The sources said the new scanners will replace x-ray scanners that have failed to detect contraband hidden in boxes or between legally imported goods. They did not elaborate on further details concerning the new scanner.

"New modern cargo inspection equipment is being installed at the entrance to customs here," a source from the Chinese border city of Dandong recently told Radio Free Asia (RFA). "They're going to use it to inspect cargo trucks from North Korea ... It's going to be difficult for anything illegal to slip through the cracks."

The tighter border control comes as the United States and the United Nations step up sanctions aimed at strangling North Korea's economy and halting its nuclear program.

A second source said customs officers at Dandong in the 2000s would only check documents for details of a shipment and did not even use x-ray scans on trucks.

"Until the early 2010s, customs declarations were just a mere formality. They only stopped the trucks that were overloaded," the source said. "Dandong started being more thorough in their inspection in April last year when the U.S. imposed tougher sanctions."

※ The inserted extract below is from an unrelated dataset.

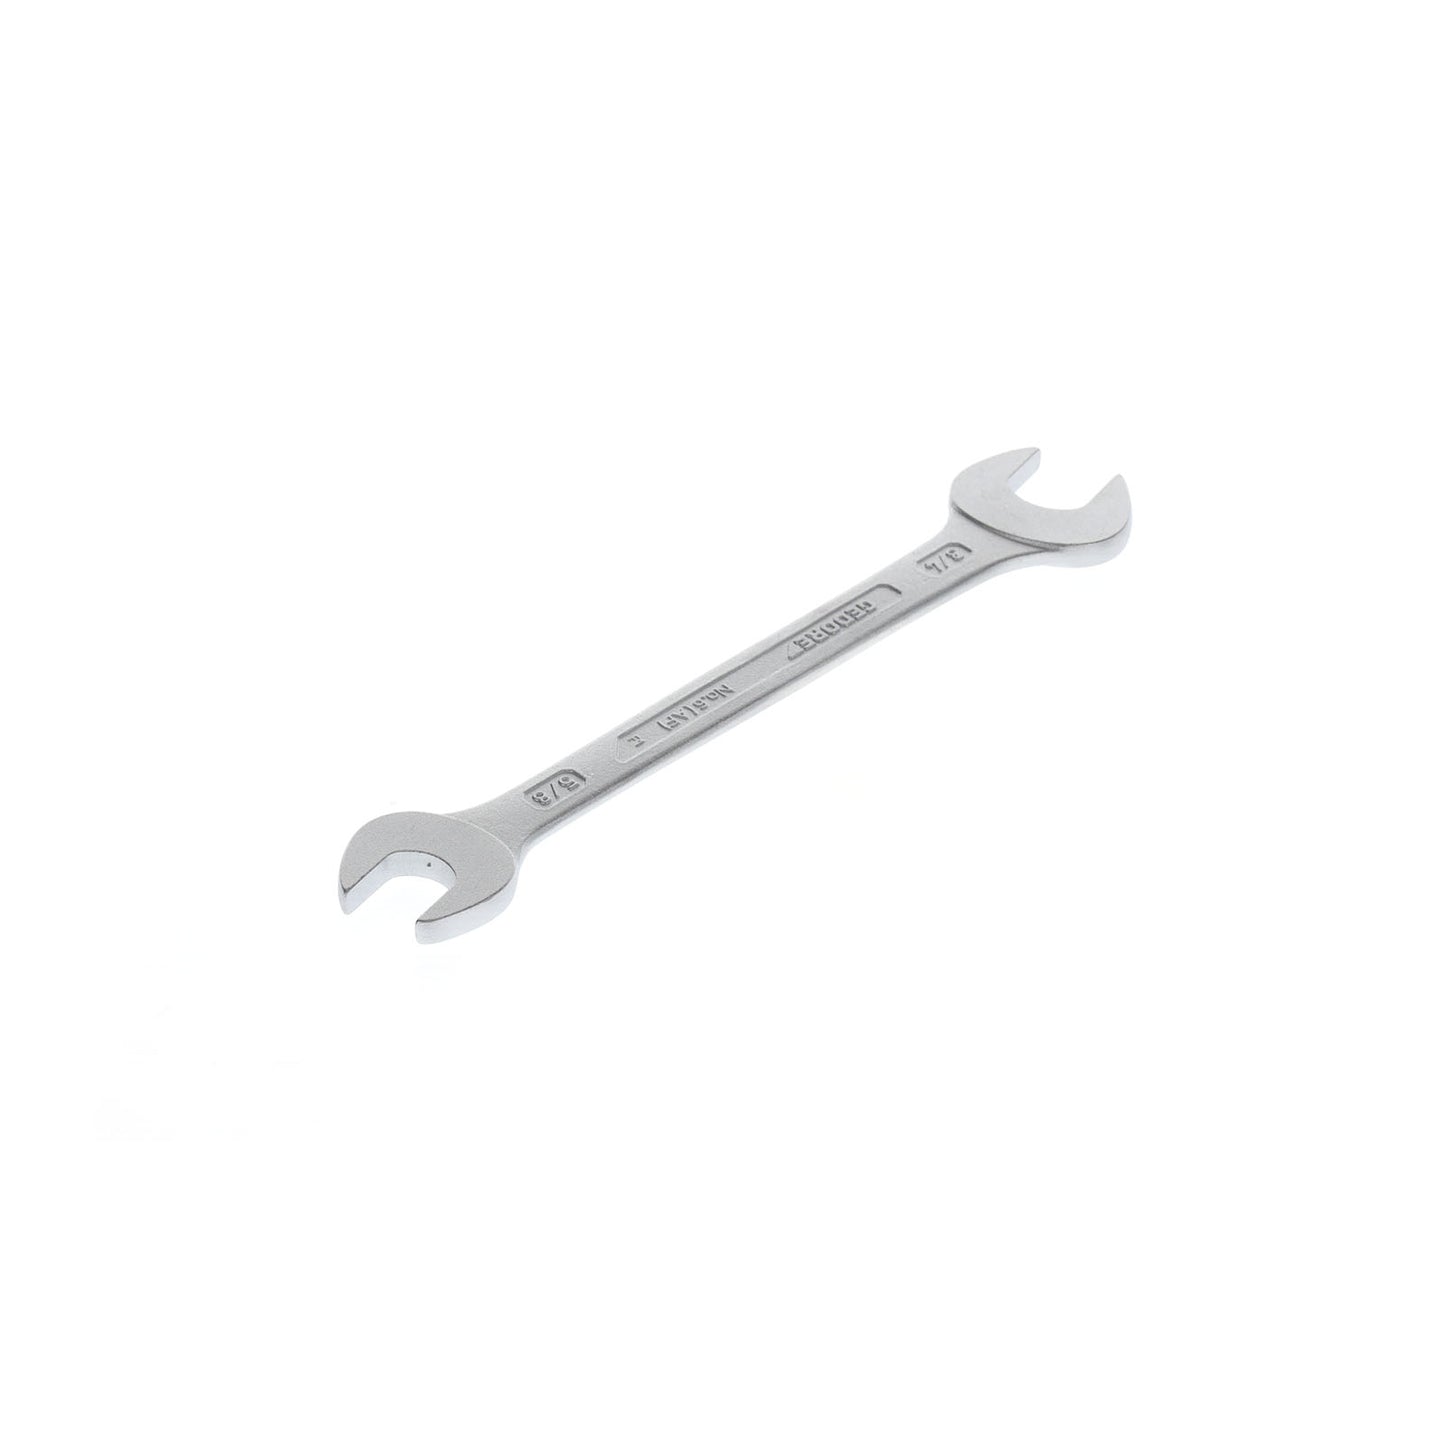 GEDORE 6 5/8X3/4AF - 2-Mount Fixed Wrench, 5/8x3/4AF (6070960)

The Chinese customs authorities were especially concerned about finding metals, chemicals and other items that could be used to make weapons. They often had arguments with North Korean traders when they inspected the contents of boxes, even after x-ray scans.

This led to a delay in transporting goods, and the new scanners are expected to "shorten the time of inspection," according to the sources.

Meanwhile, key North Korean exports — ore, minerals and seafood, all banned by the United Nations — are smuggled regularly across the border and still find their way to Chinese markets.

"Everything we have here is from North Korea. We have no Chinese seafood," a merchant at a seafood market in Dandong told RFA.

They said the seafood is smuggled by ship-to-ship transfers in the Yellow Sea, with Chinese business partners paying for the seafood in Chinese currency or rice.

A different source said Chinese dump trucks bring large quantities of iron ore in from North Korea but the smuggling is hard to detect.

The source said North Korean trucks stand ready in Dandong to bring refined oil into the North, which is restricted under U.N. sanctions.

Under the restrictions, Pyongyang is limited to importing 4 million barrels of crude oil and 500,000 barrels of products a year.